[What is needed]:
Set down each line of the data exactly, but not the pictures.

★ ★ ★ ★ ★

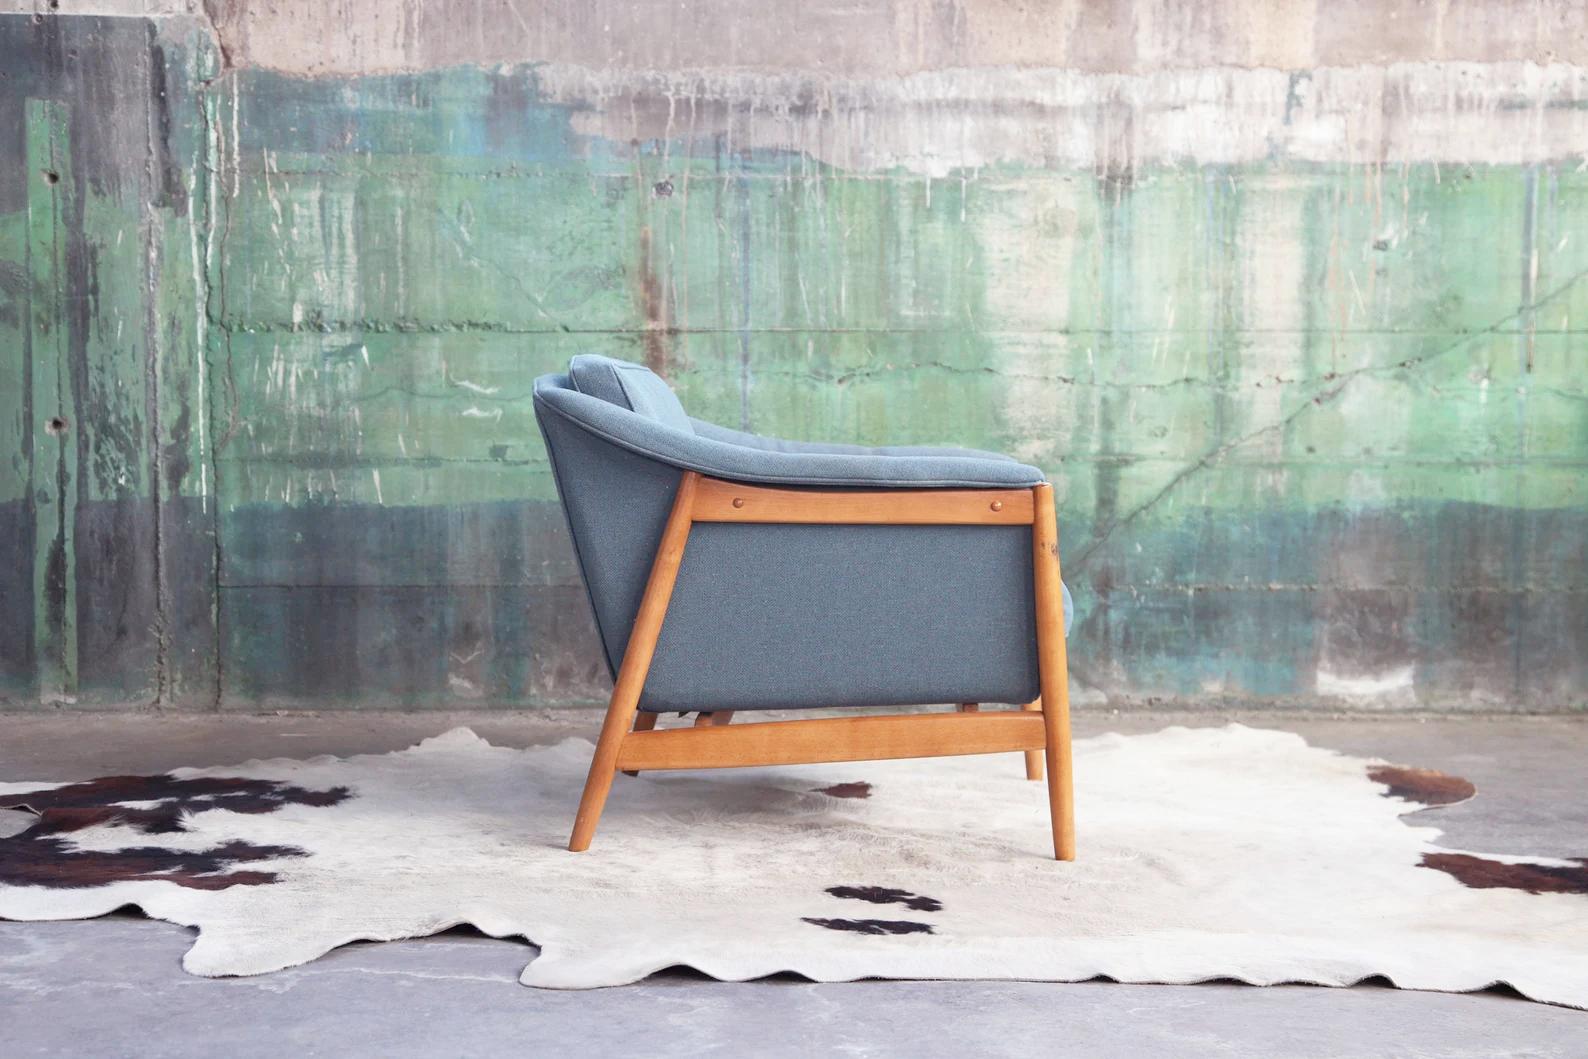 DUX Folke Ohlsson Midcentury Danish Modern Lounge Chair In Good Condition For Sale In Basel, BS
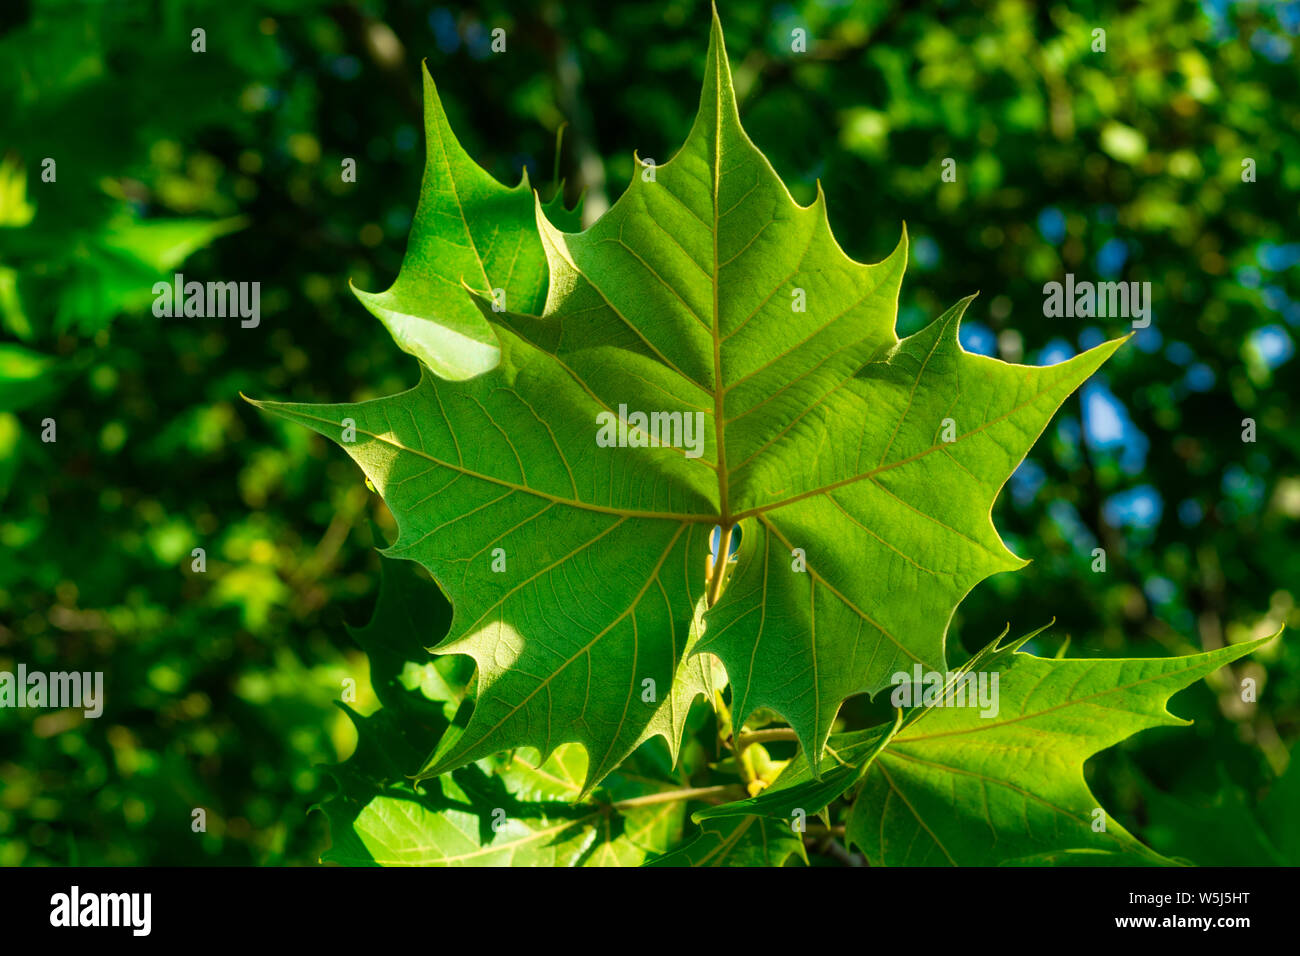 Light, shadow and shape make for interesting patterns. Stock Photo
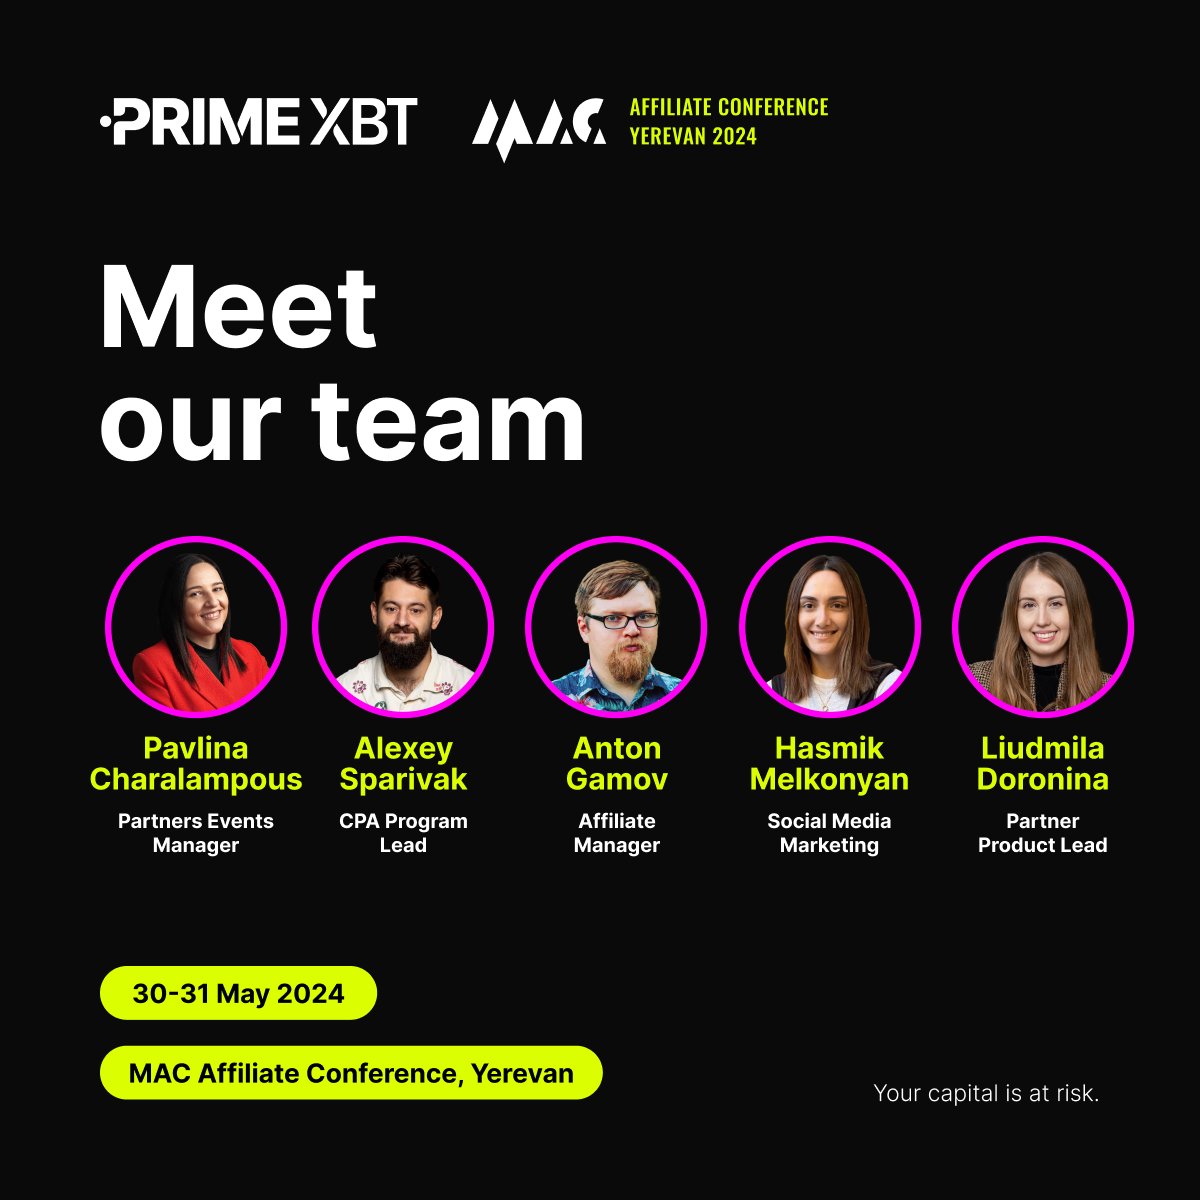 Excitement is building for MAC Yerevan.

🇦🇲 Catch the #PrimeXBT team in Armenia on 30-31 May. Come by, say hello, and learn how to boost your affiliate earnings.

Meet us there! 👋

★ ★ ★ ★ ★

[Task response]:
 DUX Folke Ohlsson Midcentury Danish Modern Lounge Chair In Good Condition For Sale In Basel, BS
 Light, shadow and shape make for interesting patterns. Stock Photo
 Excitement is building for MAC Yerevan.

🇦🇲 Catch the #PrimeXBT team in Armenia on 30-31 May. Come by, say hello, and learn how to boost your affiliate earnings.

Meet us there! 👋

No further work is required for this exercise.